The evidence shows substantially as follows: Tommy Crocker testified that on March 20, 1955, he was hauling eggs in a 1950 Chevrolet truck in the City of Atlanta for the plaintiff; that he made a sharp left turn into Woodland from Eden with the truck in second gear; that a car was starting up from the left-hand side of the street and witness eased over to give room; that something hit his truck; that he was approximately three feet from the curb. He further testified that a limb approximately two and one-half feet in diameter and seven to seven and one-half feet from the ground and projecting out into the street struck the right hand top of the truck, completely tearing back the top part of the body, splitting open the side of the body, and destroying the first layer of eggs; that the top of the truck body was between eight and nine feet from the ground; and that he examined the limb and saw several big marks or scars on it. On cross-examination the same witness testified that he had been driving trucks for ten or fifteen years; that he did not know anything about the truck other than it was a 1950 standard size Chevrolet truck; that he was traveling 15 to 20 miles per hour and had unobstructed vision; that he saw the limb sticking out but it did not occur to him that he might not have room and his attention was directed mainly to the car that pulled off. He further stated that when he got back to McCoy's place of business they unloaded the truck and it sat on the lot at least a week before being sent to the garage for repairs. On redirect examination the same witness testified that the car mentioned hereinabove was parked on the left side of the street and it cranked up and was coming toward the witness; that the street is not very wide and he saw no sign or warning on the tree limb to notify him of the danger.
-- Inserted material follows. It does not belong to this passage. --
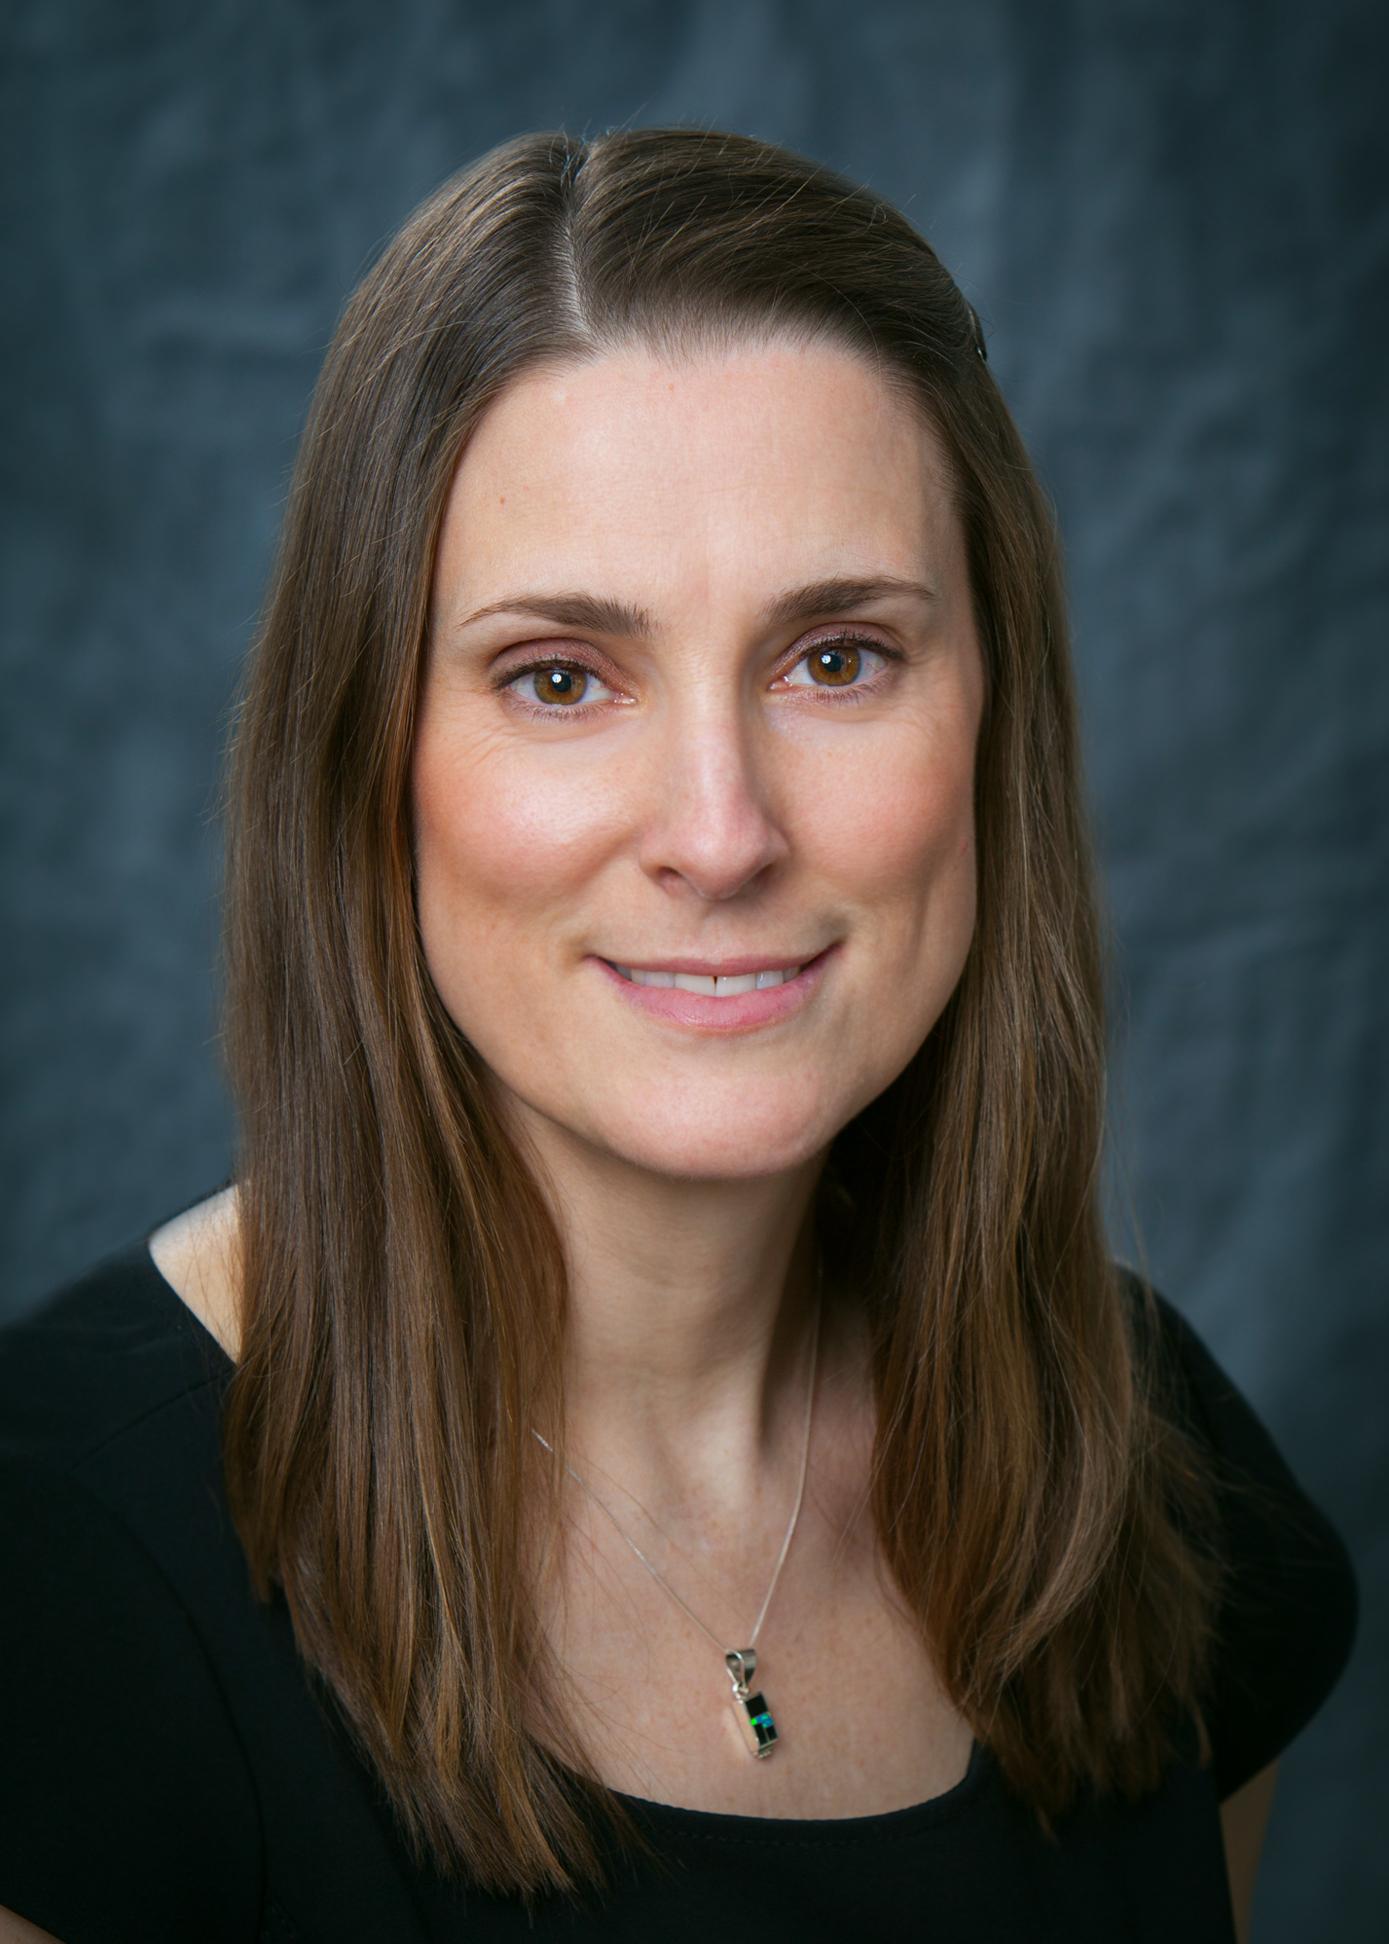 Michelle Cario

Patrolman E. L. Thackston testified on behalf of the defendant that he investigated the accident and took a picture of the scene which he described and identified. On cross-examination he testified that he measured the tree and found that the limb was six and one-half feet from the ground; that the truck went approximately a foot and a half or two feet from the curb line; that he knew of no city ordinance the driver had violated; that the truck was badly damaged and he estimated the damage at approximately $800.
J. B. Davis, a witness for the defendant, testified that he had been in the commercial truck body business for 22 years and that the fair value of a 1951 standard Chevrolet 4 year old aluminum truck body 12 feet long and 7 feet wide and 6 1/2 feet high standing about 9 feet off the ground would be roughly between $350 and $400; that the fair value of the body new would be $900 to $950; that after looking at the picture of the truck, as shown in the document marked for identification as D-1, the fair market value of the body would be around $150 or $200, maybe. On cross-examination the same witness testified that he had not seen the truck, just the picture, and that the salvage value of the truck would be around $150.
J. 1. The first question presented here is whether or not the evidence authorized the judgment. We have set out the evidence in detail. Suffice it to say that there is sufficient evidence to support the judgment of the trial court as to the general grounds.
2. Special ground 1 assigns error on admission of certain evidence, over objection of counsel for the plaintiff. It appears that the witness had not seen the truck, but was shown pictures of the truck. An assignment of error going to amount of damages, as distinguished from right to damages is immaterial, where the court finds against a plaintiff. Should the admission of evidence as assigned in this ground be erroneous, such is harmless. Counsel for the plaintiff cites in support of this special ground Burns v. Brown, 73 Ga. App. 488 (37 S. E. 2d 233). In that case a witness was asked a hypothetical question as to the market value of an automobile, the witness not having seen the car. The court admitted the testimony, and such admission was approved by the Court of Appeals. It is thus seen that that case is not the basis of reversal of the instant case. In Globe & Rutgers Fire Ins. Co. v. Jewell-Loudermilk Co., 36 Ga. App. 538 (5) (137 S. E. 286), this court held: "Where a witness testifies as to his familiarity with the value of property of the kind destroyed, his estimate of the value of the property destroyed is relevant and admissible." See also City of Griffin v. Southeastern Textile Co., 79 Ga. App. 420 (53 S. E. 2d 921). This evidence was properly admitted. This special ground is not a basis for reversal.
The court did not err in denying the motion for new trial for any reason assigned.
Judgment affirmed. Townsend and Carlisle, JJ., concur.